また、本発明は同義語（シノニム）の多い文字列を含む
検索条件論理式を同義語の文字列を概念コードにまとめ
る事で、記憶手段への登録に要する記憶容量が少なくて
すむ。概念コードにまとめるとは例えば次のようなこと
である。ＧａＡｓを表現するのにＧａＡｓ、砒化ガリウ
ム、ガリウム砒素、ガリウムアーセナイド等の同義語が
あるが、これを例えば“００１０”といったコードに統
一することである。Further, according to the present invention, the storage capacity required for registration in the storage means can be reduced by combining the synonymous character strings into a concept code for a search condition logical expression that includes a character string with many synonyms. For example, what can be summarized in a conceptual code is as follows. There are synonyms for expressing GaAs, such as GaAs, gallium arsenide, gallium arsenide, and gallium arsenide, but the idea is to unify them into a code such as "0010".

概念コードを使った検索の一例として、５個の検索文字
列を含む検索条件論理式の登録を行なう場合を考えよう
。
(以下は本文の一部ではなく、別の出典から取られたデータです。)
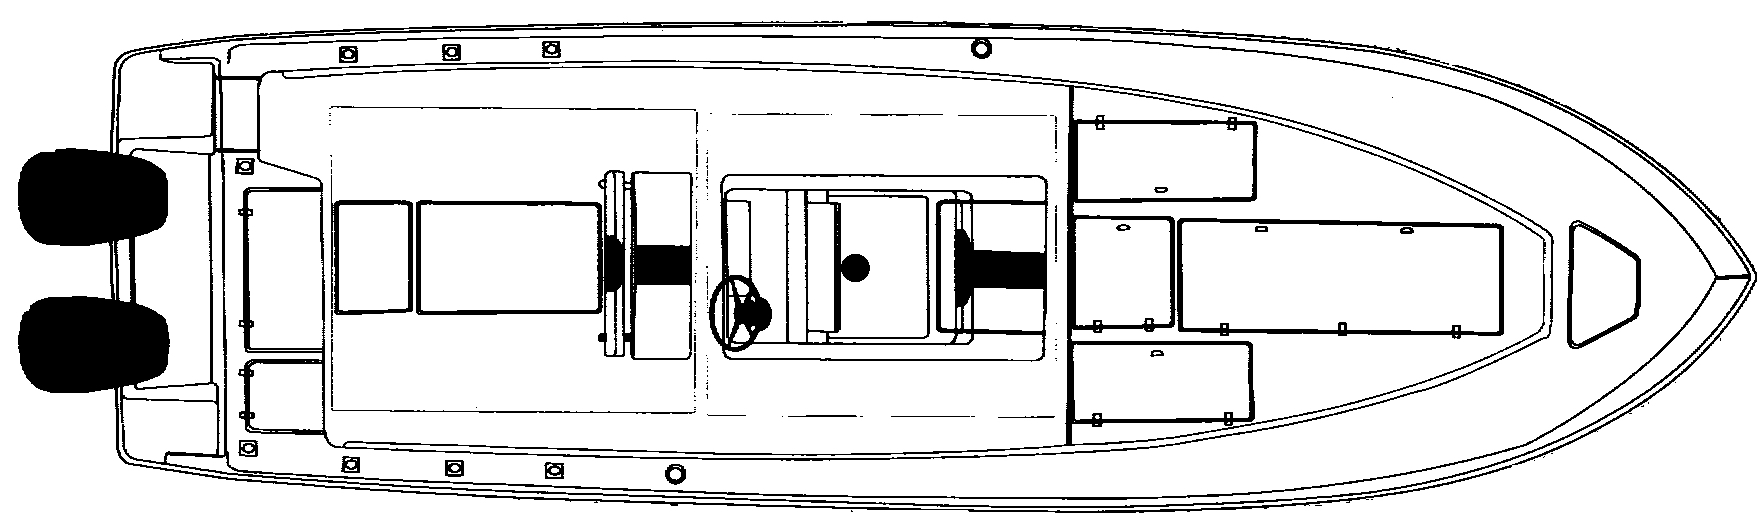 340 Open Floor Plan 1

各検索文字列に５個のシノニムがあるとすると、５５
個の検索条件論理式が存在することになり、各論理式に
おける積項の数が２２５個になる。したがって、通常の
やり方では、２２５Ｘ５５個（約１０００億個）のメモ
リセルが１組の検索条件論理式の登録に必要である。概
念コードを利用すると、２５個の積項を持つ論理式を１
つ記憶すればよく、使用メモリセル数が２５個（３２個
）へ減る。これが検索条件論理式を積和標準形に変換し
て登録する効呆的な方法となる。以下、図面に従って、
本発明のより詳細な説明を行なう。As an example of a search using concept codes, let us consider a case where a search condition logical expression containing five search strings is registered. Assuming that each search string has 5 synonyms, 55
Therefore, there are 225 search condition logical expressions, and the number of product terms in each logical expression is 225. Therefore, in a normal manner, 225×55 (approximately 100 billion) memory cells are required to register one set of search condition logical expressions. Using the conceptual code, a logical formula with 25 product terms can be reduced to 1
The number of memory cells used is reduced to 25 (32). This is an effective method of converting the search condition logical formula into the product-sum standard form and registering it. According to the drawing below,
A more detailed explanation of the present invention will now be given.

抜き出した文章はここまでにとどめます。